Spotting and stopping the spectrum saboteurs


Wednesday, 05 December, 2018


Spotting and stopping the spectrum saboteurs

The SOCRATES project aims to shield the electromagnetic spectrum from disruption by malicious parties.

A new research project has been launched with the aim of developing a system for detecting threats to the electromagnetic space. Led by Spain’s IMDEA Networks Institute, the SOCRATES project has recently been awarded funding by NATO’s Emerging Security Challenges Division’s Science for Peace and Security Programme (SPS).

The collaborating partners on the project are the ElectroSense non-profit association of Switzerland (a crowd-sourcing initiative that collects and analyses spectrum data) and Katholieke Universiteit Leuven of Belgium.

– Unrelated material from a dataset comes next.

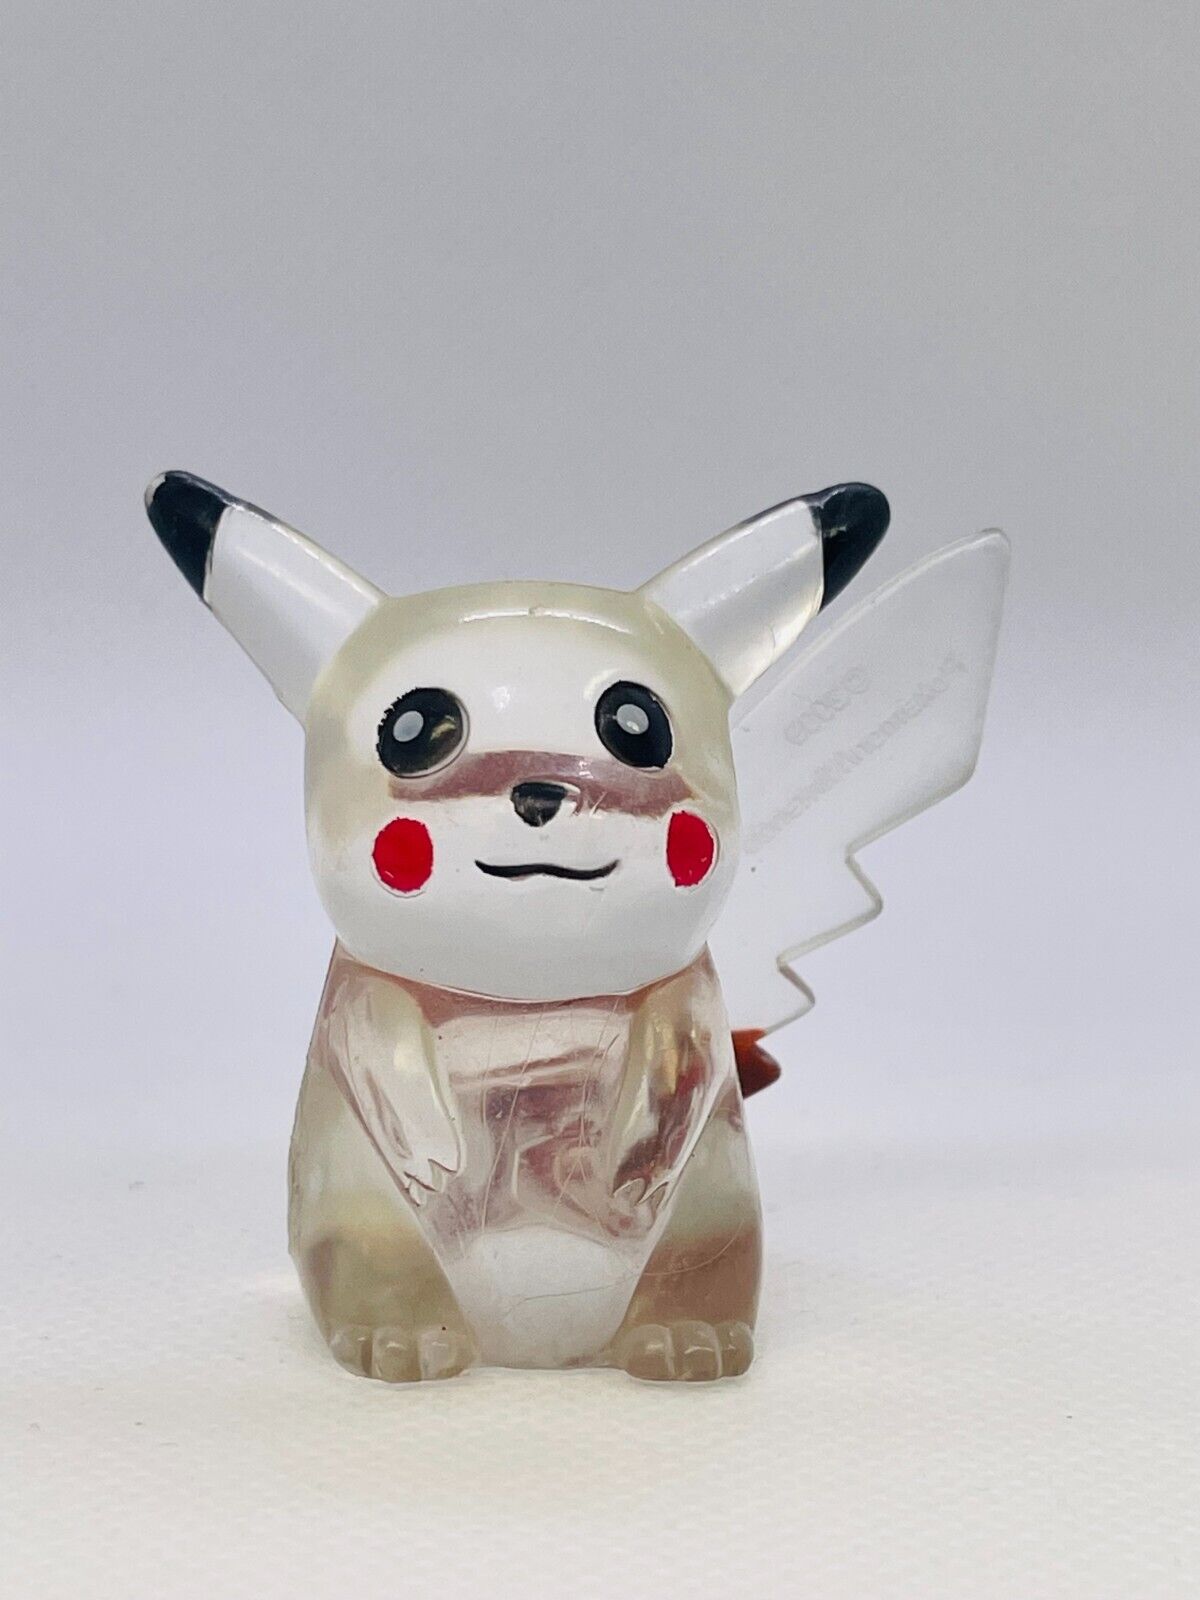 Pokémon Pikachu Candy Container Figure, Pocket Monster

The security of the electromagnetic spectrum has tremendous strategic importance to society. In particular, the wireless infrastructure that carries services such as cellular networks and GPS is especially critical.

However, the cost of commodity radio technology prices is now so low that access to it is no longer restricted to governments and network operators. It is now affordable to individuals, giving them the potential to become malicious intruders.

More frequent and more sophisticated threats from such infiltrators could wreak havoc and are among the most serious challenges faced by society. Unauthorised transmissions could threaten the operation of networks used by air traffic control systems, police, security and emergency services, for example.

The SOCRATES project will deliver a security system to protect the electromagnetic environment and the services and users that depend on it.

“SOCRATES will provide an accurate, autonomous, fast and secure system based on a novel and disruptive IoT (Internet of Things) architecture,” said Dr Domenico Giustiniano, IMDEA Research Associate Professor and coordinator of the project.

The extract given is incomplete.